Michael told the court that he had also seen police striking protesters with bladed shield strikes, and that this is why he needed to act to defend himself. Bladed shield strikes are where a police officer uses the edge of a riot shield to hit somebody.

Protesting ‘against police powers and police practice’

Michael explained to the court why he attended the Kill the Bill protest in March 2021. He said that the protest was:

in relation to the Police Crime Sentencing and Courts Bill [now an Act]. We were there to protest against police powers and police practice, and the murder of Sarah Everard.

Everard was murdered by serving police officer Wayne Couzens on 3 March 2021.

Michael said that one of the reasons he had gone was because of the attack on protest. He said:

There was a lot of concern among anyone who takes part in protest about this. Noisy protests could be shut down

He continued:

if you did protest it would entail very close cooperation with the police otherwise it wouldn’t happen. I was really concerned as protest is the only way we have really to make our voices heard.

Michael said that some of his friends had been brutalised by the police at a vigil for Sarah Everard the previous week. Officers even arrested another of his friends for taking part in the memorial on Clapham Common.

Michael told the court that police had banned a Bristol vigil for Sarah, planned in the same period as the Clapham Common event, under Covid-19 regulations.

Protecting others

Michael joined the Kill the Bill march from College Green on 21 March 2021. He initially hung back when the confrontation started outside Bridewell Police Station. He watched with concern as police on horseback entered the crowd and the confrontation escalated.

Owen Greenhall, Michael’s defence barrister, showed footage of one of the mounted officers using an overarm baton strike against protesters. This is despite the police’s own guidance clearly stating that batons should not be aimed towards the head.

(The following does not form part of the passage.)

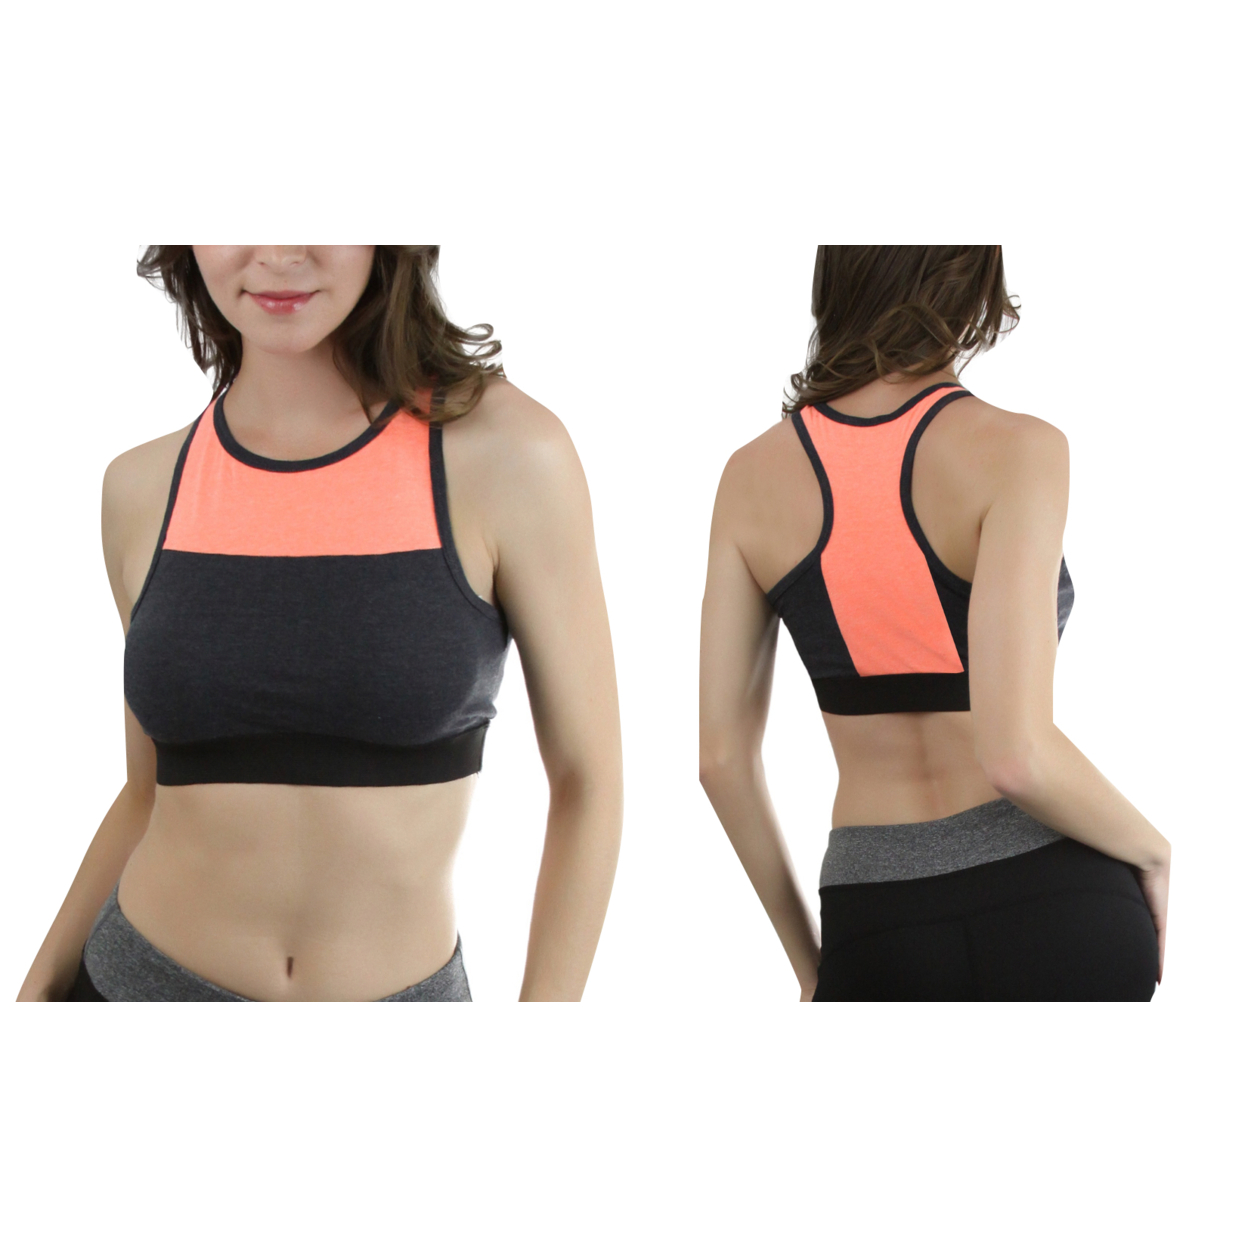 Single Or 2-Pack Of Women's Color-Block Two Tone Cotton-Blend Bra - Charcoal/Neon Coral, Small

The footage also showed police officers repeatedly hitting a woman with a baton

Later on, Michael said that he felt he needed to intervene when he saw the police attacking another woman. Footage shows officers shoving a woman in red to the floor. She got up and tried to climb a traffic-light pole to escape. Michael said he stepped in to help her, holding an arm out. He said that he was trying keep the police away from her.

Michael told the court:

I saw her being pushed over, another officer rugby tackled her. I saw them bashing her with shields, batons and all sorts.

I could see her being hit with batons, she was climbing the pole, she gave me her water bottle – I was pushing against the pole with one arm, and using the other arm to keep them off her.

He said:

It felt at any time the police could charge.

Shortly afterwards, Michael said that someone in the crowd handed him a police riot shield. He said he used it to defend himself and others, as the police were pushing forward and there was nowhere for the protesters to go.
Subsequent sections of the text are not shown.